Copy out the data that comes next, character for character, and leave the images aside.

[[ DATA SEGMENT, beginning ]]

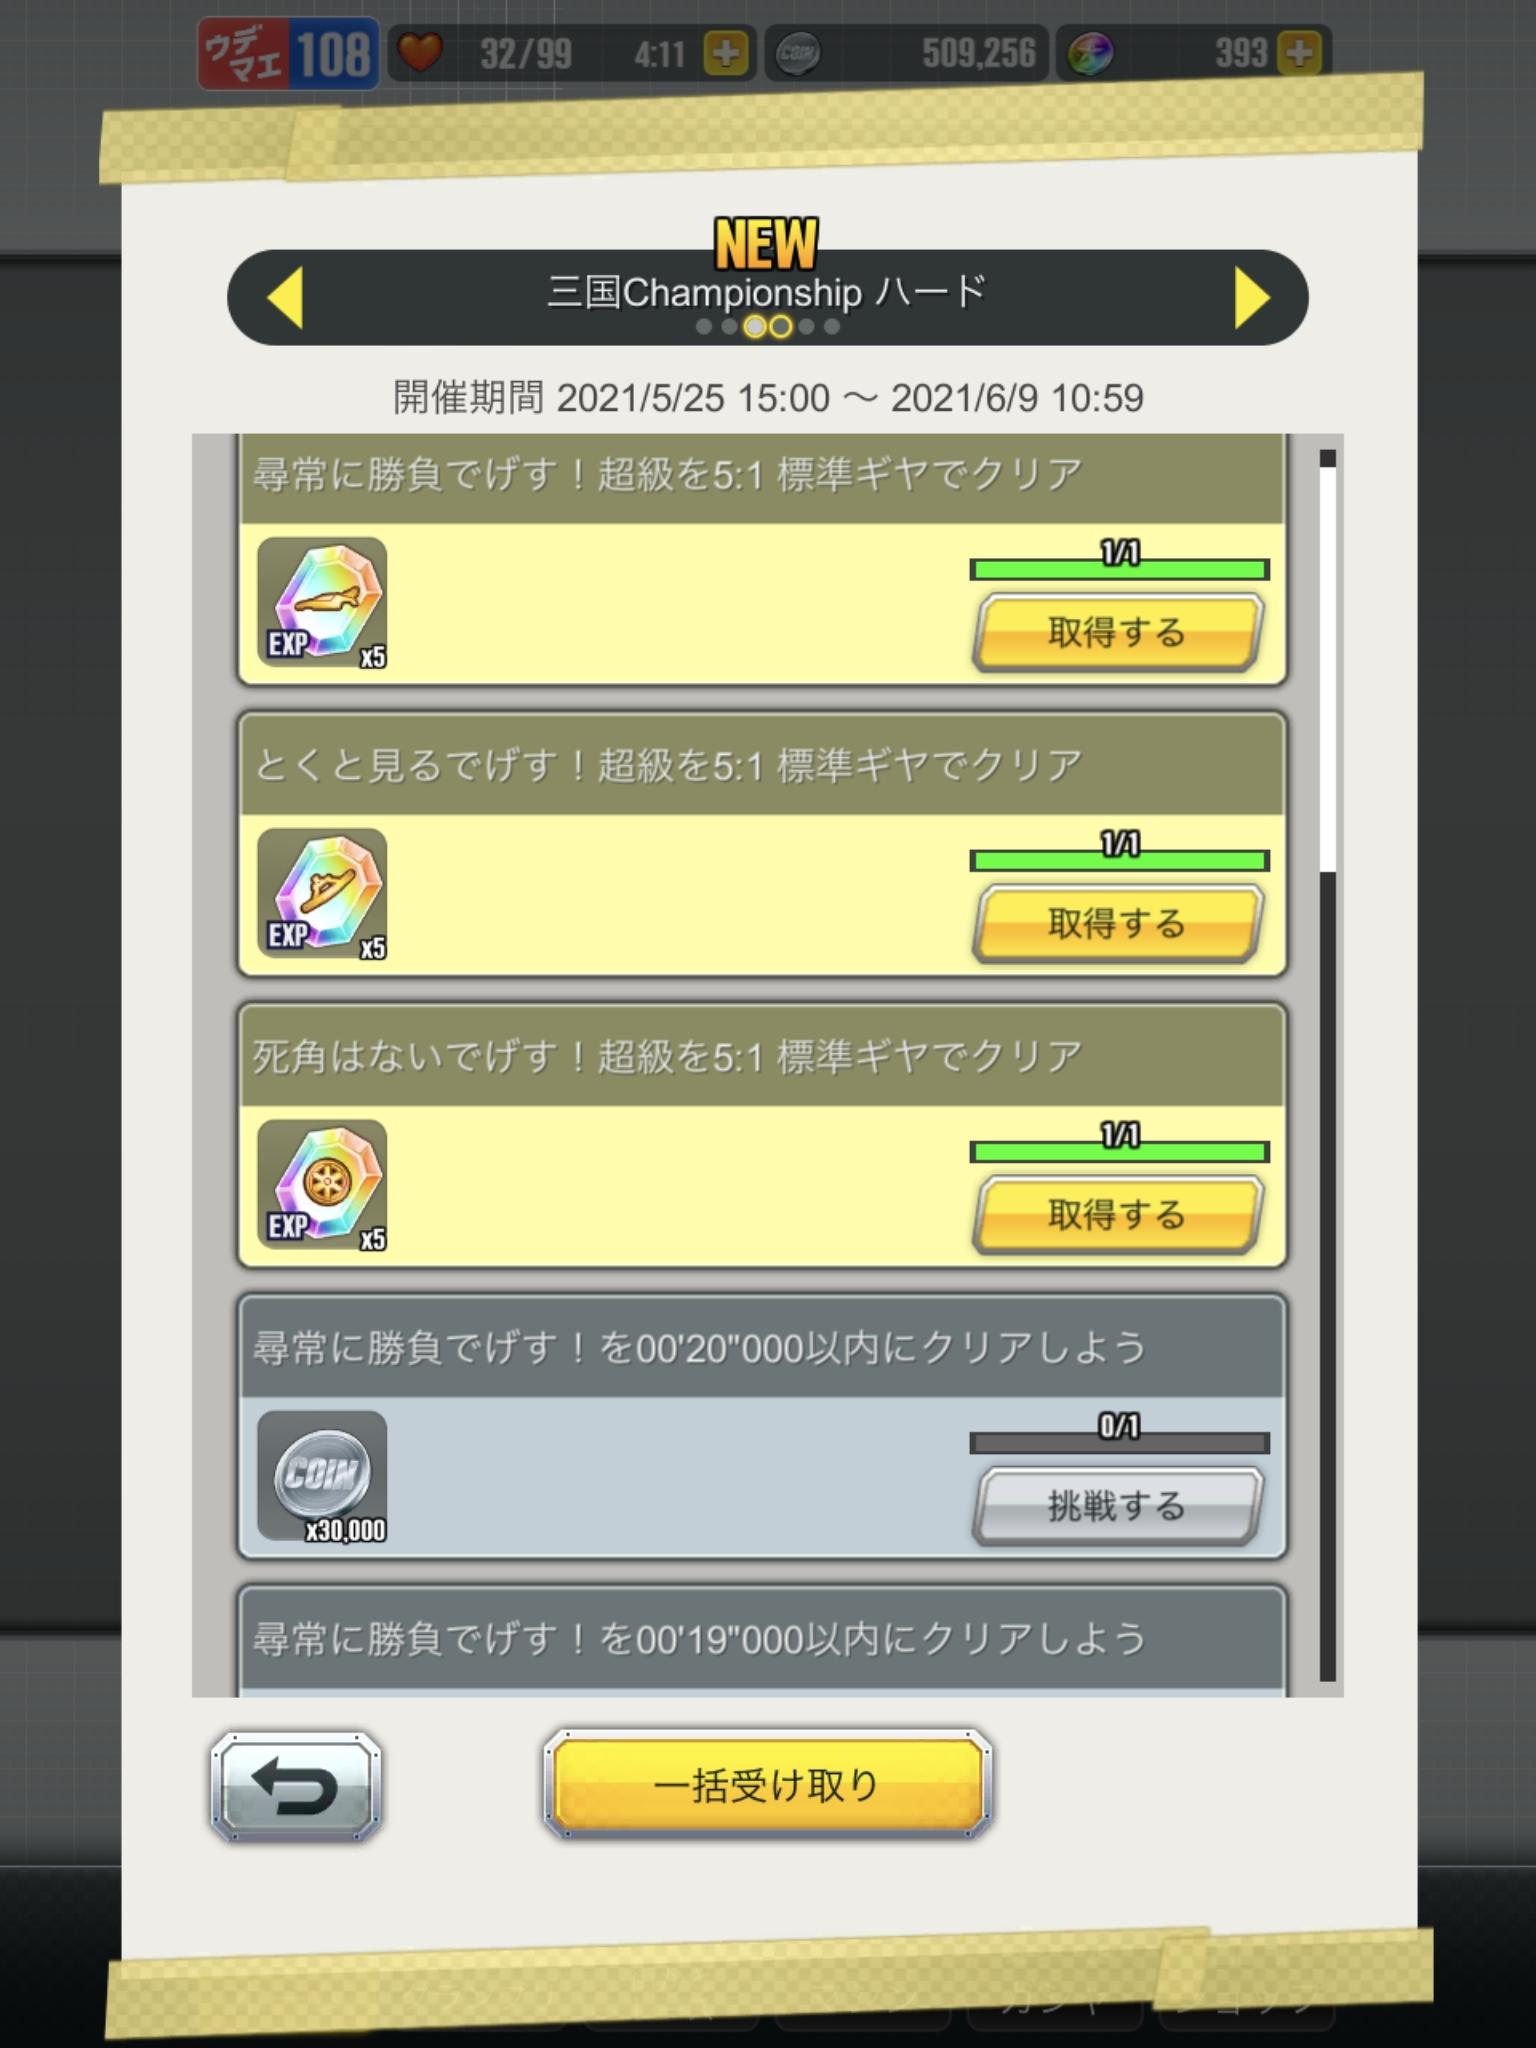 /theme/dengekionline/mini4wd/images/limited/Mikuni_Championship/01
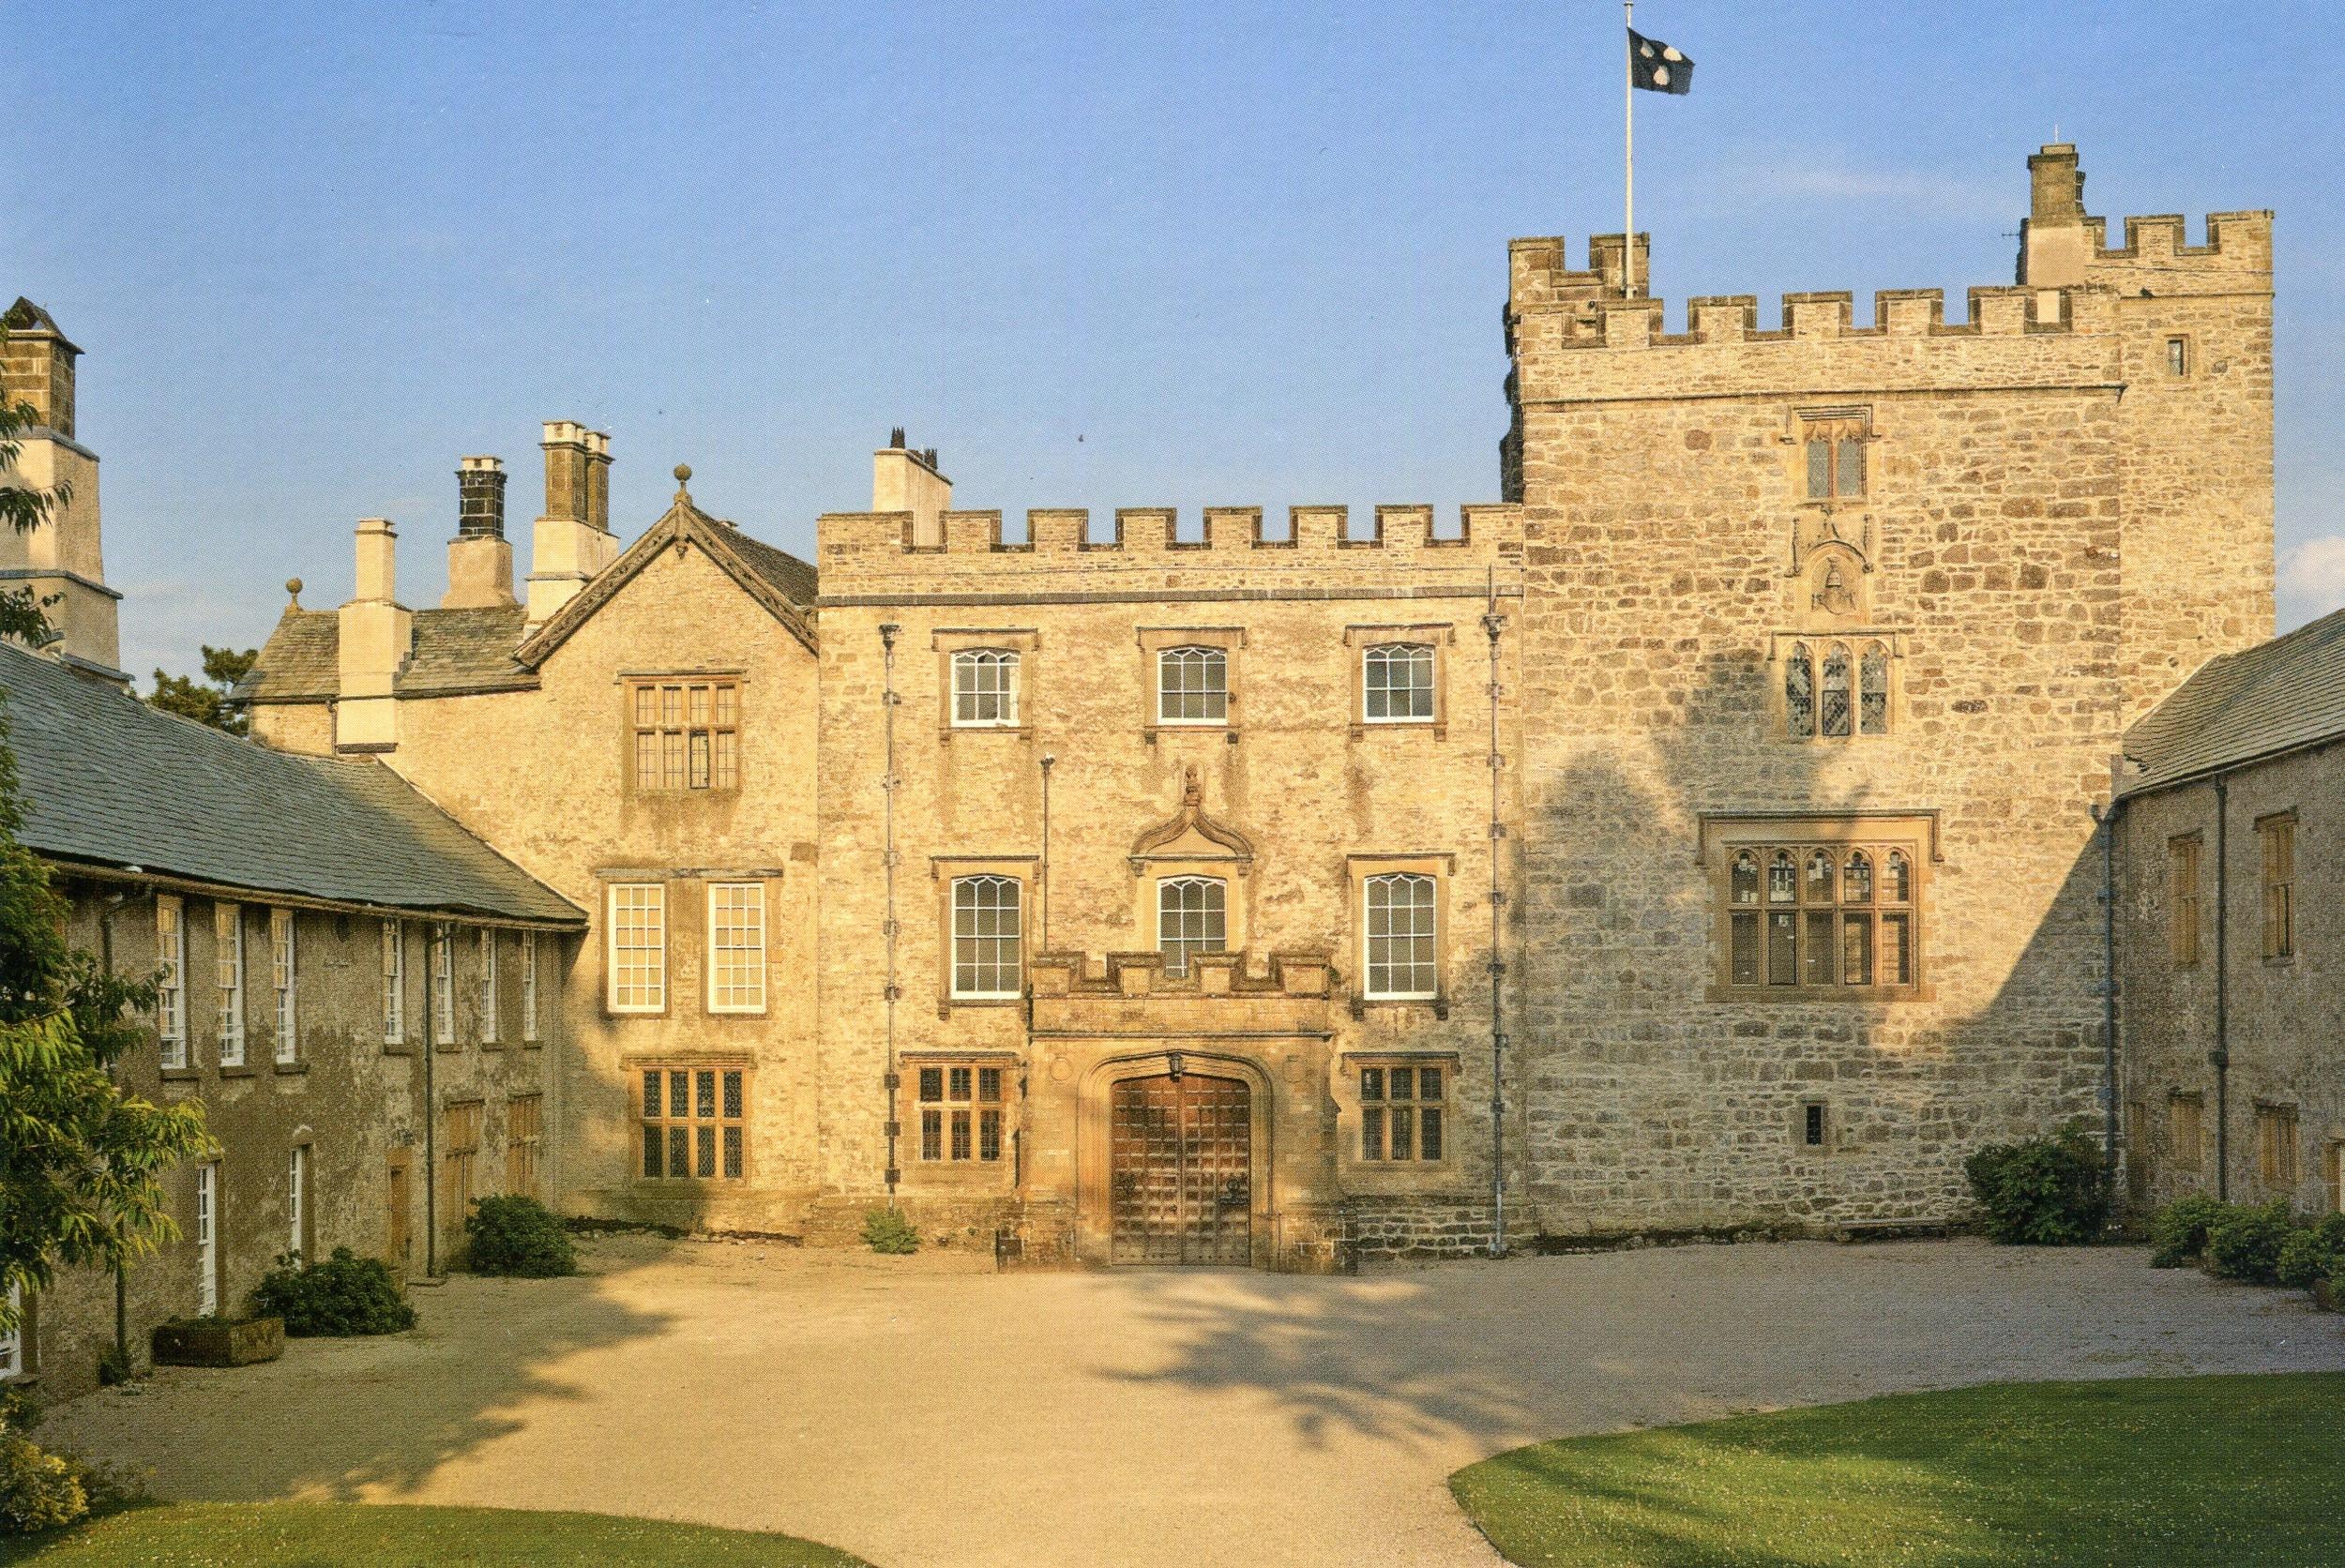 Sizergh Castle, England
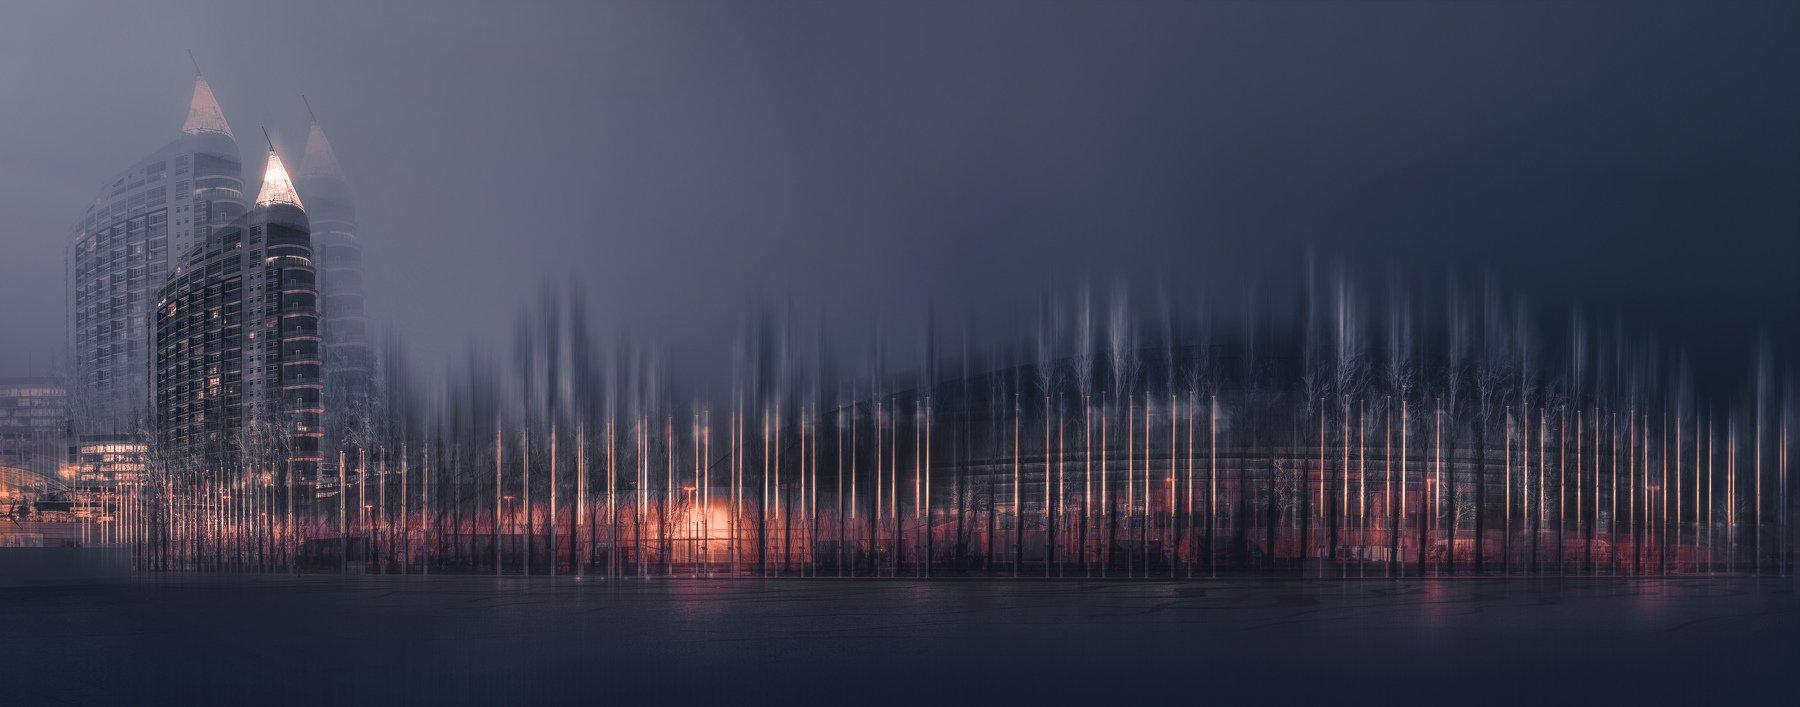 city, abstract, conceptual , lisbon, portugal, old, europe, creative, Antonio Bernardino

[[ DATA SEGMENT, end ]]

* PROBLEM SOLUTION *
 /theme/dengekionline/mini4wd/images/limited/Mikuni_Championship/01
 Sizergh Castle, England
 city, abstract, conceptual , lisbon, portugal, old, europe, creative, Antonio Bernardino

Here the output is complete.